→ TASK:
Which lines run from the one containing "Diafarm bitterspray 100 ml" to the end of the material below? Copy them exactly, pictures excluded.

→ DATA BELOW:
○ ○ ○ ○ ○

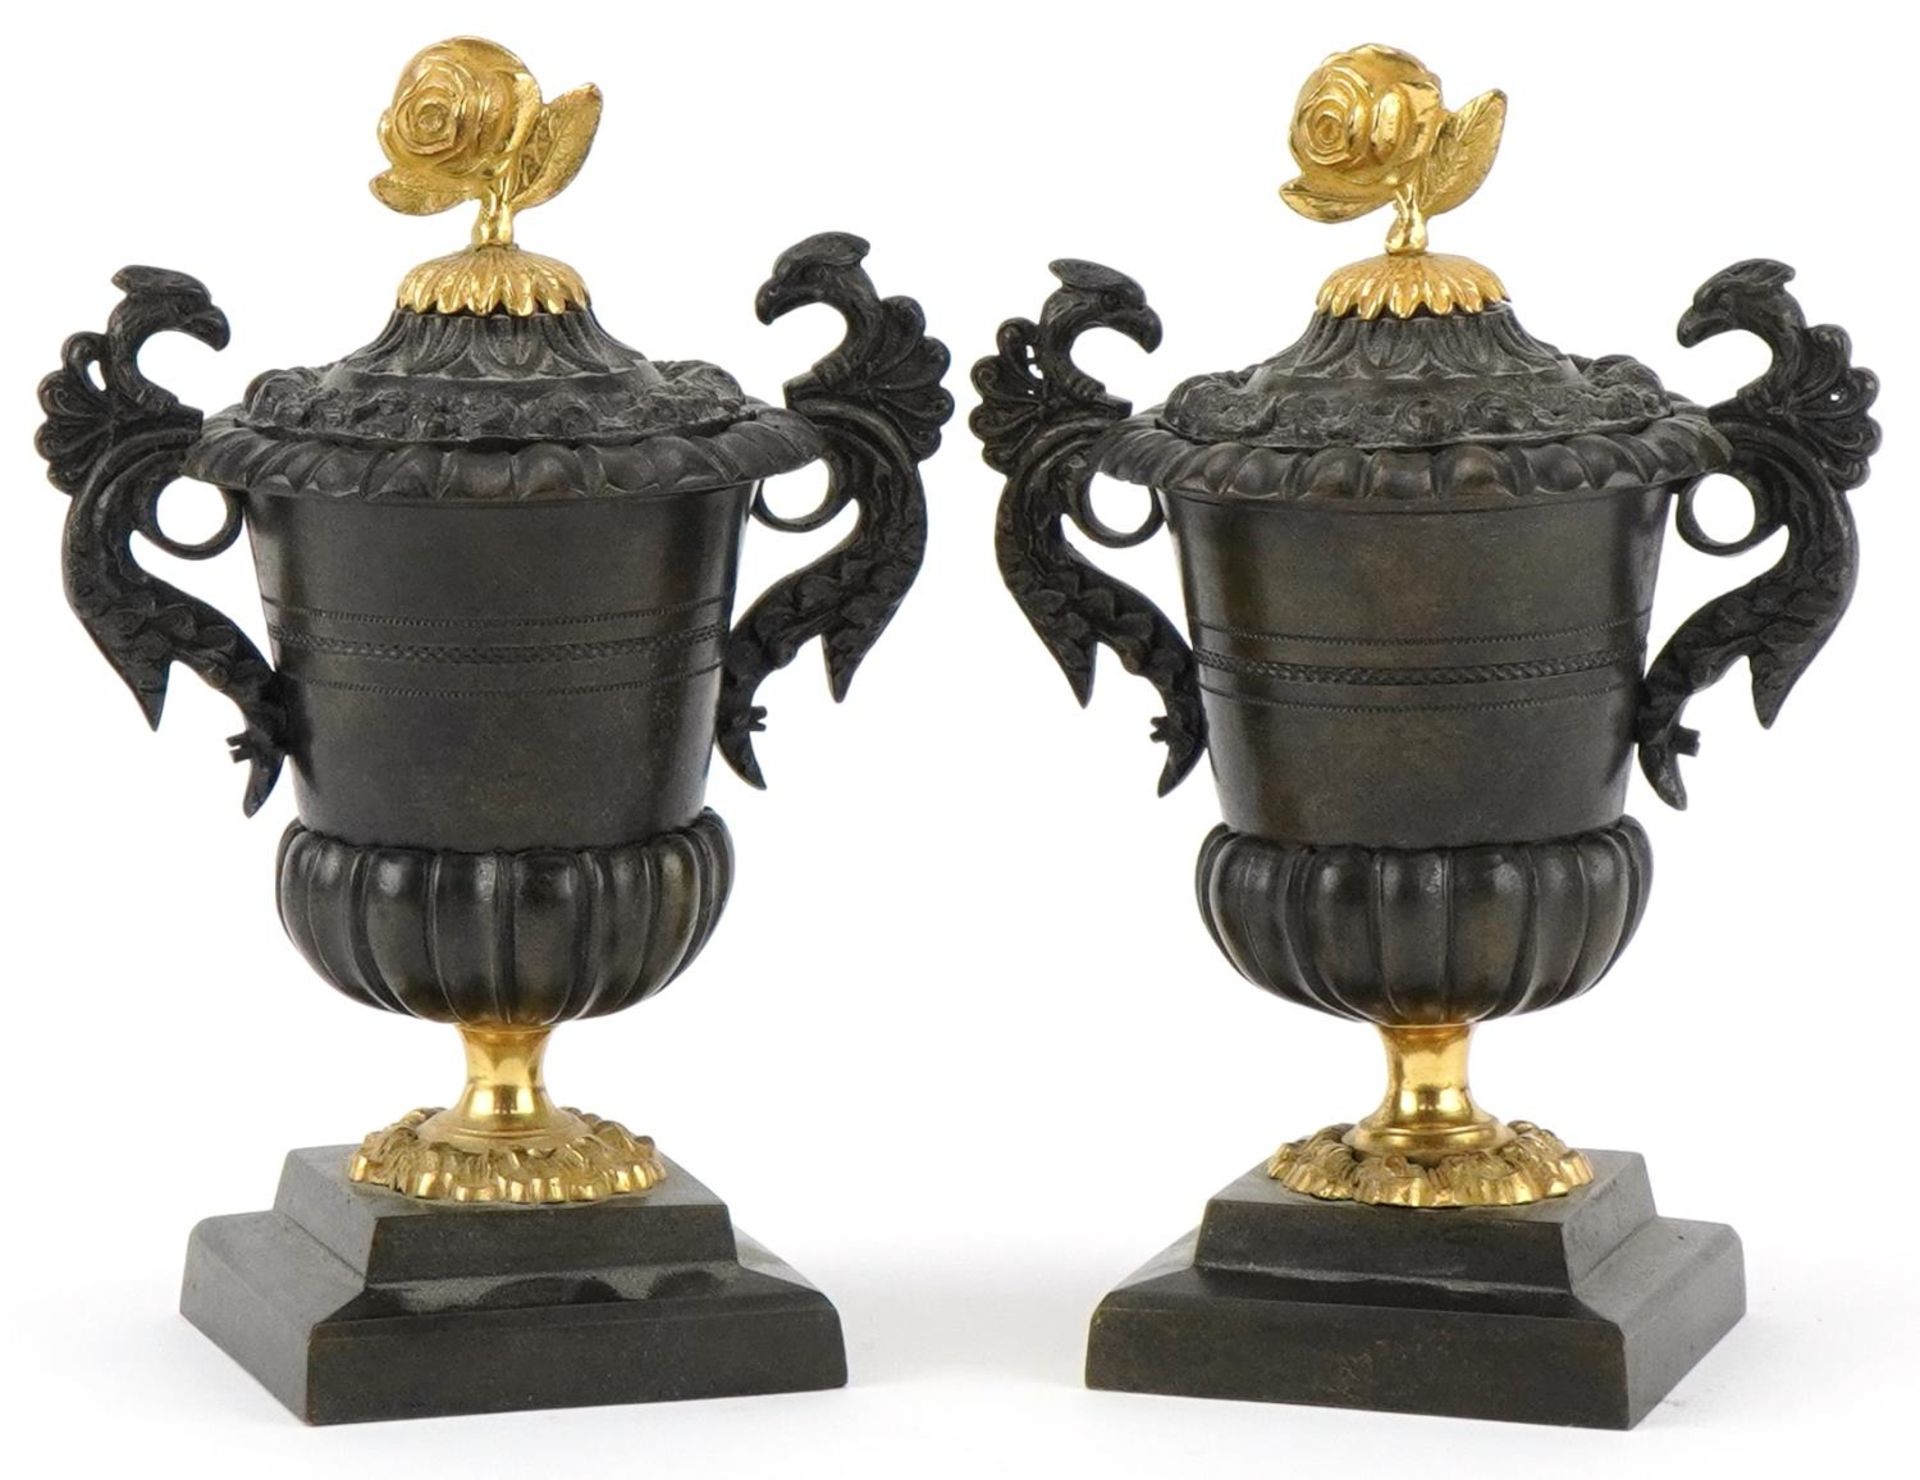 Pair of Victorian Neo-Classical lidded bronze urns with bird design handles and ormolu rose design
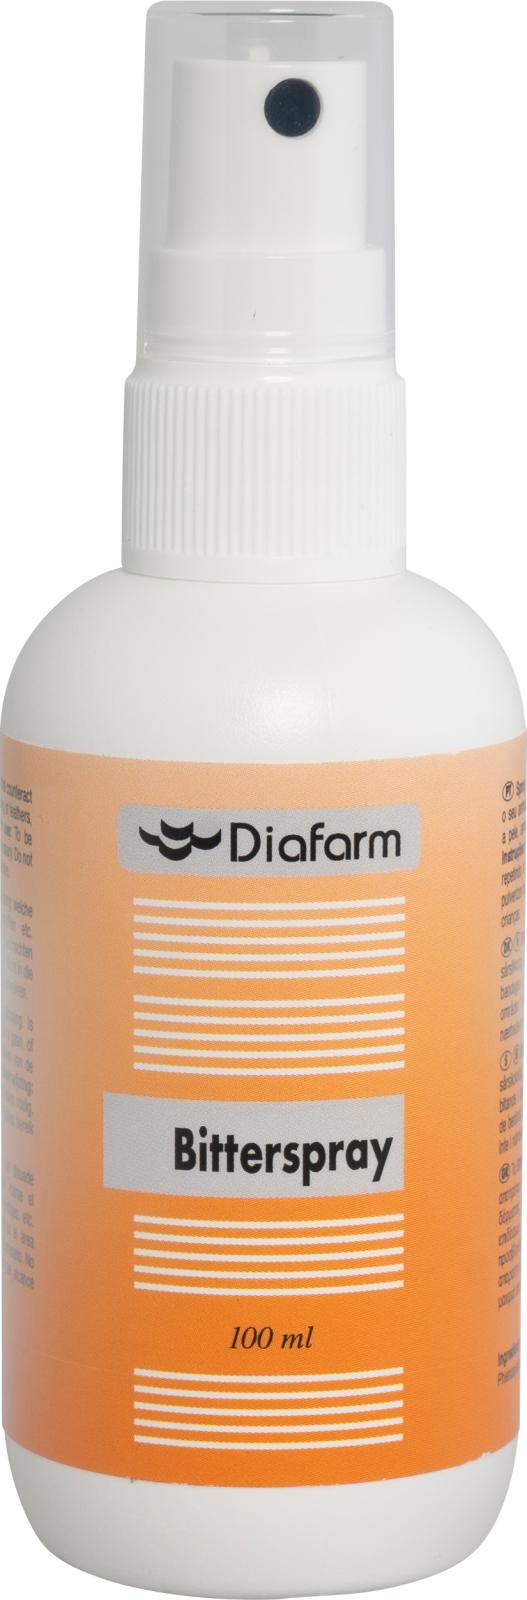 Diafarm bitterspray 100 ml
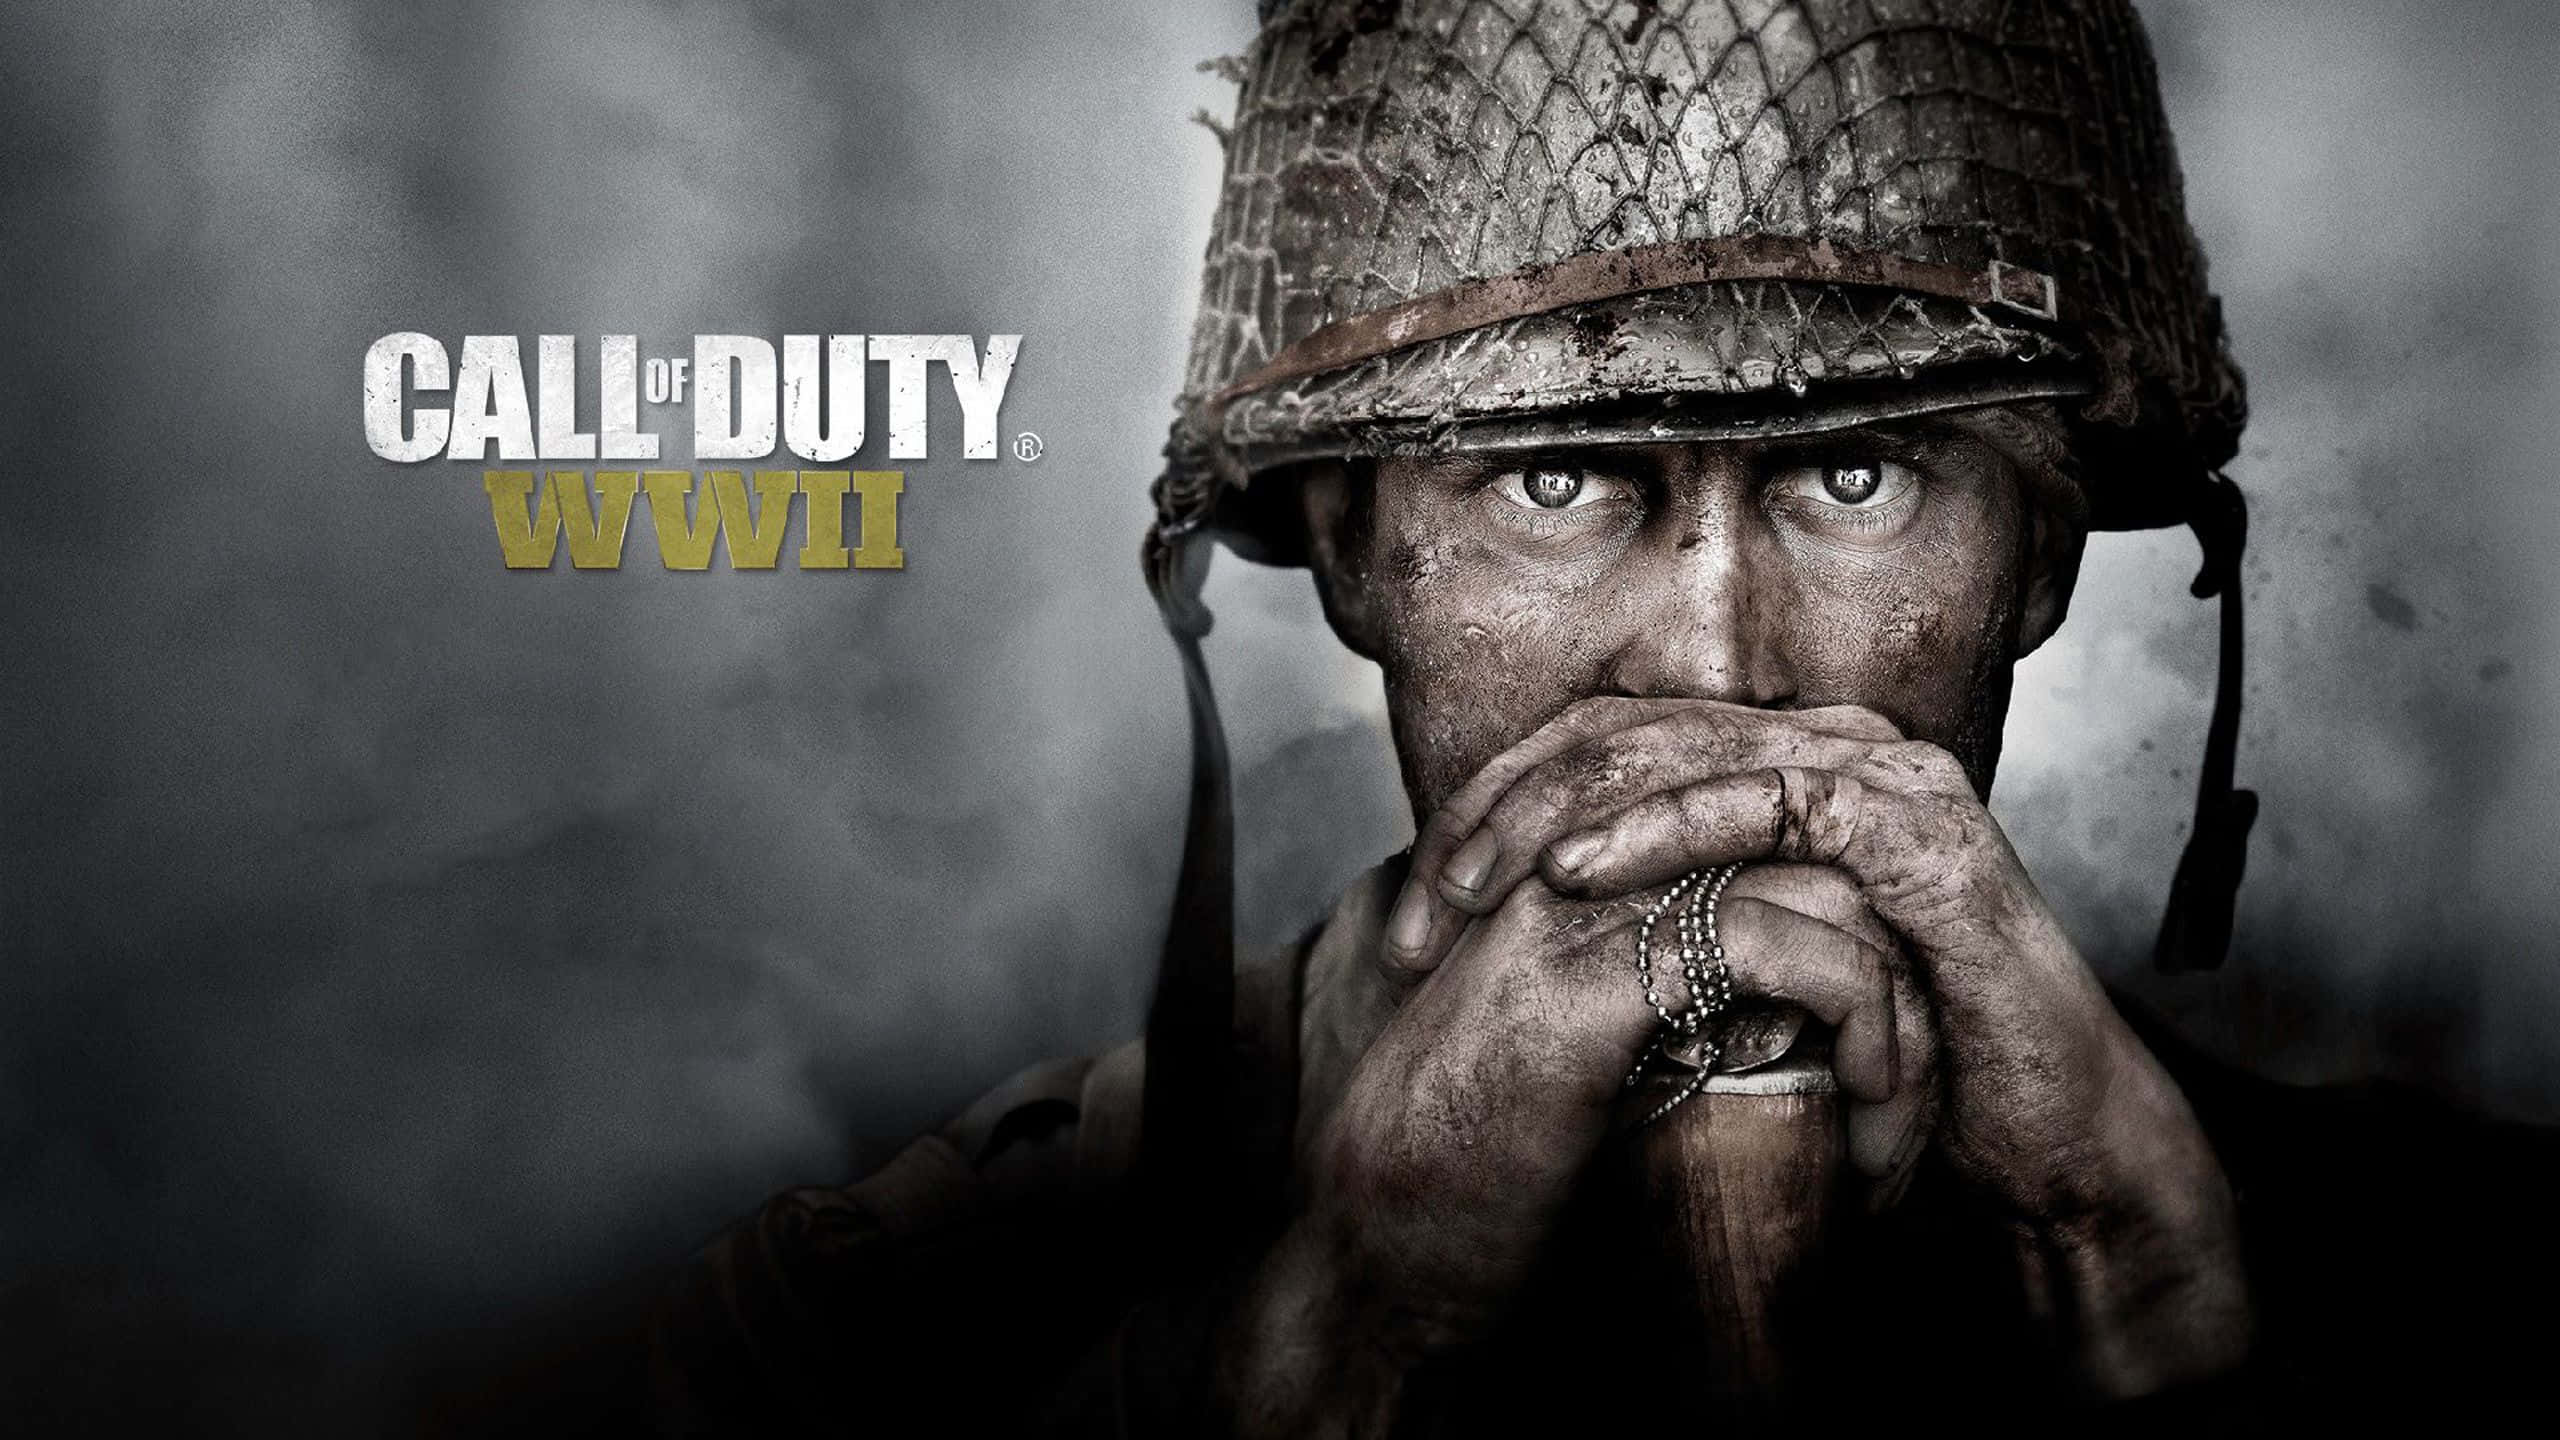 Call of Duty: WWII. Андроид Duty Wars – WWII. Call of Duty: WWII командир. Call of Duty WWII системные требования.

○ ○ ○ ○ ○

→ REPLY TO THE EXERCISE:
 Diafarm bitterspray 100 ml
 Call of Duty: WWII. Андроид Duty Wars – WWII. Call of Duty: WWII командир. Call of Duty WWII системные требования.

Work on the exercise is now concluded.